— Давай за мной! — Додик пропустил его на несколько шагов вперёд, медленно сложил газету и двинулся следом.
— Что за ерунда, в самом деле, — посетовал он, нагоняя товарища.
— Хорошая ерунда! Иванов на два месяца на пленер подался и оставил ключи, но я… как благородный рыцарь, зная, как страдает и мучается мой друг вот уж какую неделю, немедленно вызвал его и…
— Что, правда, ключи у тебя?
— Чёрт возьми, Додик! Ну, никакой романтики… поэтому вы и пишете такие постные книги про литейку и борьбу с комбайном.
— Ладно… Румяный критик мой… не продолжай — он ждёт нас.

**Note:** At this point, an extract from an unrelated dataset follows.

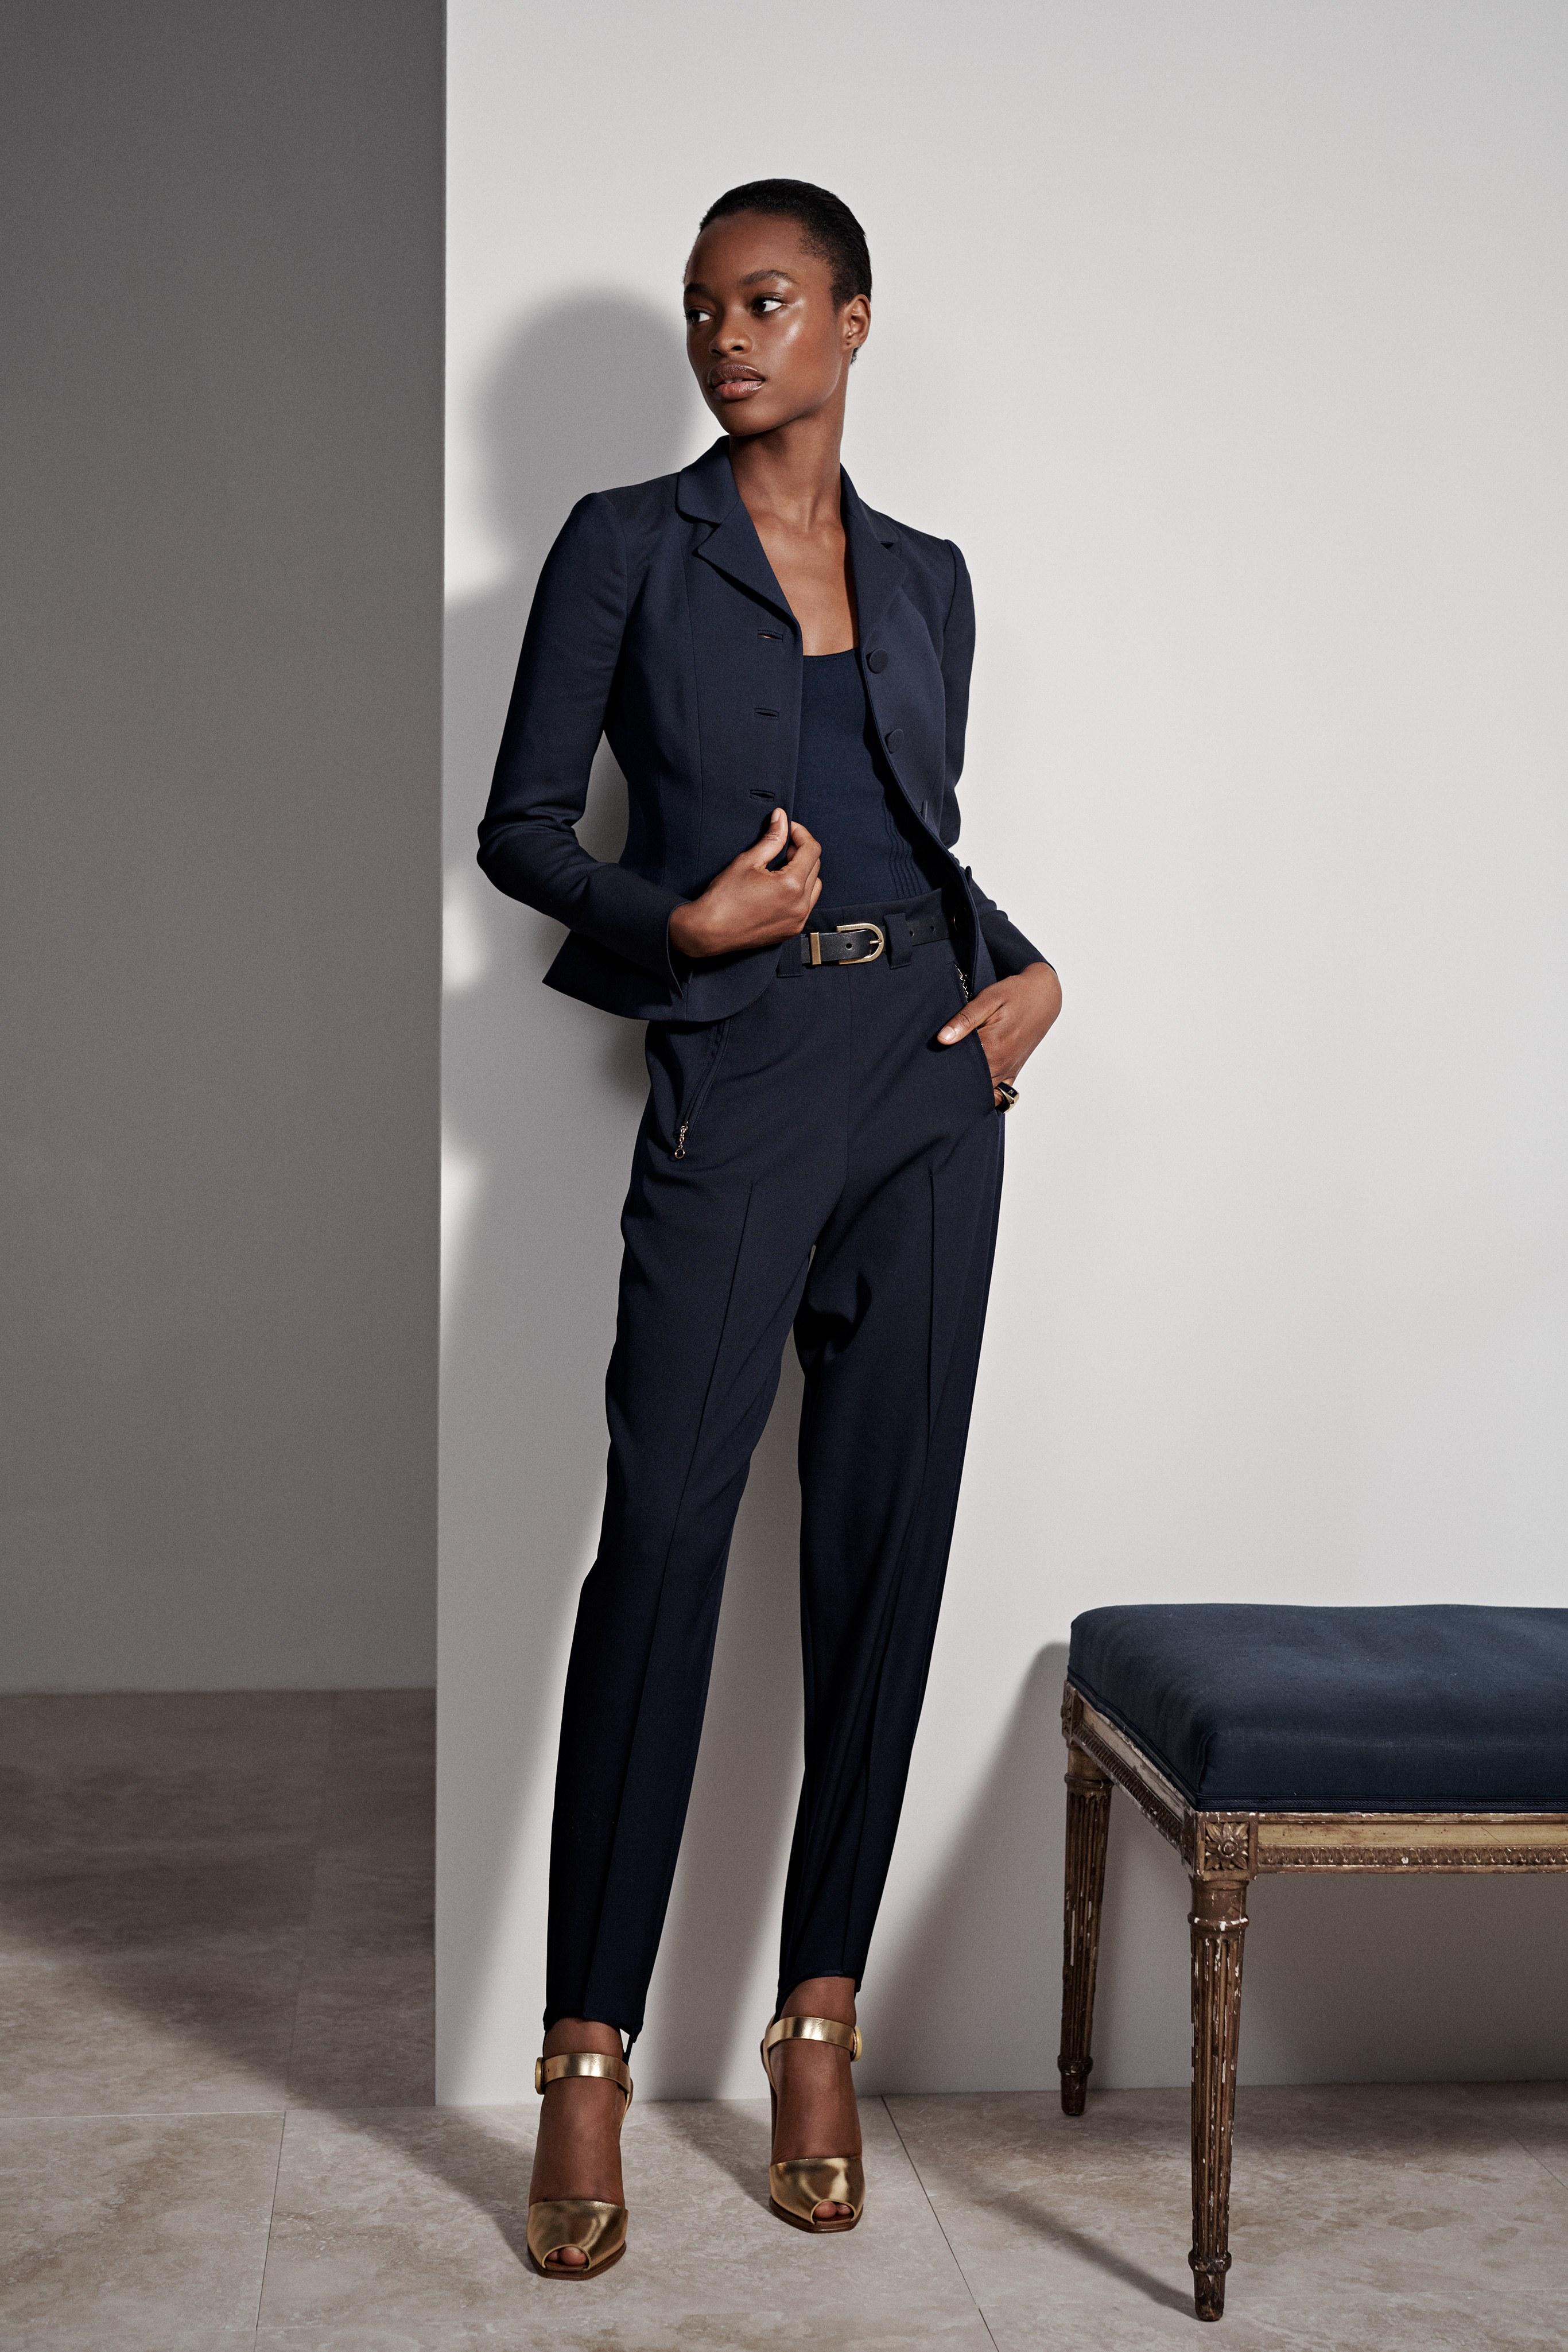 00006-Ralph-Lauren-Vogue-Resort-2019-pr

Борис Иванов был художником, которому в жизни не пришлось задуматься, кем быть. Он вырос в большом селе и ещё в детстве зарабатывал тем, что у привокзальной блинной на клочках обёрточной бумаги мог запросто изобразить любого в смешном, но не обидном виде за те несколько минут, что стоял поезд. Сегодня он даже припомнить не мог, как это всё началось и кто обнаружил у него такие способности. Неодолимая тяга к рисованию погнала его в районный город, где жила тётка. Муж её Егор, сам неравнодушный к этой, как считали окружающие, забаве, и посоветовал ему не терять тут зря времени, а то завязнет, как он сам, и погубит свой талант, а идти прямо в Москву. Там хоть слезам и не верят, а наверняка найдутся люди, которые сумеют оценить способности парня. Так оно и вышло, причём настолько сказочно и неожиданно, что в тот же самый день поклялся Борька на кресте нерушимой клятвой никогда не забыть доброты, проявленной к нему, и всегда, как только может, платить за неё, причём всем, даже совсем незнакомым, чтобы она пришла к ним так же, как к нему, вернувшись невесть от кого по кругу. Мелисса Илларионовна, «из бывших», преподавала иностранный язык в «художественном» институте, куда Иванов, наконец, пришёл со своим семиклассным аттестатом да и в неурочное время — приём был давно закончен. Мелисса только взглянула на его рисунки, впалые щёки и худую одежонку и велела следовать за ней. После всех передряг, потерь и утеснений она жила одиноко в арбатской коммуналке, куда и привела мальчишку, каких давно ей видеть не приводилось, под неодобрительные взгляды соседей. Он быстро освоил правила коммунистического быта — вставал ни свет, ни заря, чтобы не раздражать жильцов, удлиняя очередь в «места общего пользования». За год занятий в художественной школе он наработал такой портфолио (хотя до тех пор и не слыхивал такого слова), что его готовы были, несмотря на малолетство, принять в Суриковский даже без аттестата, но война смешала все планы. В эвакуацию они не поехали, домой он возвращаться не захотел, чтобы не быть обузой матери, а на фронт удрать не удалось… и тогда он стал ходить по госпиталям вместе с бригадами артистов и рисовать раненым их портреты… для отправки домой.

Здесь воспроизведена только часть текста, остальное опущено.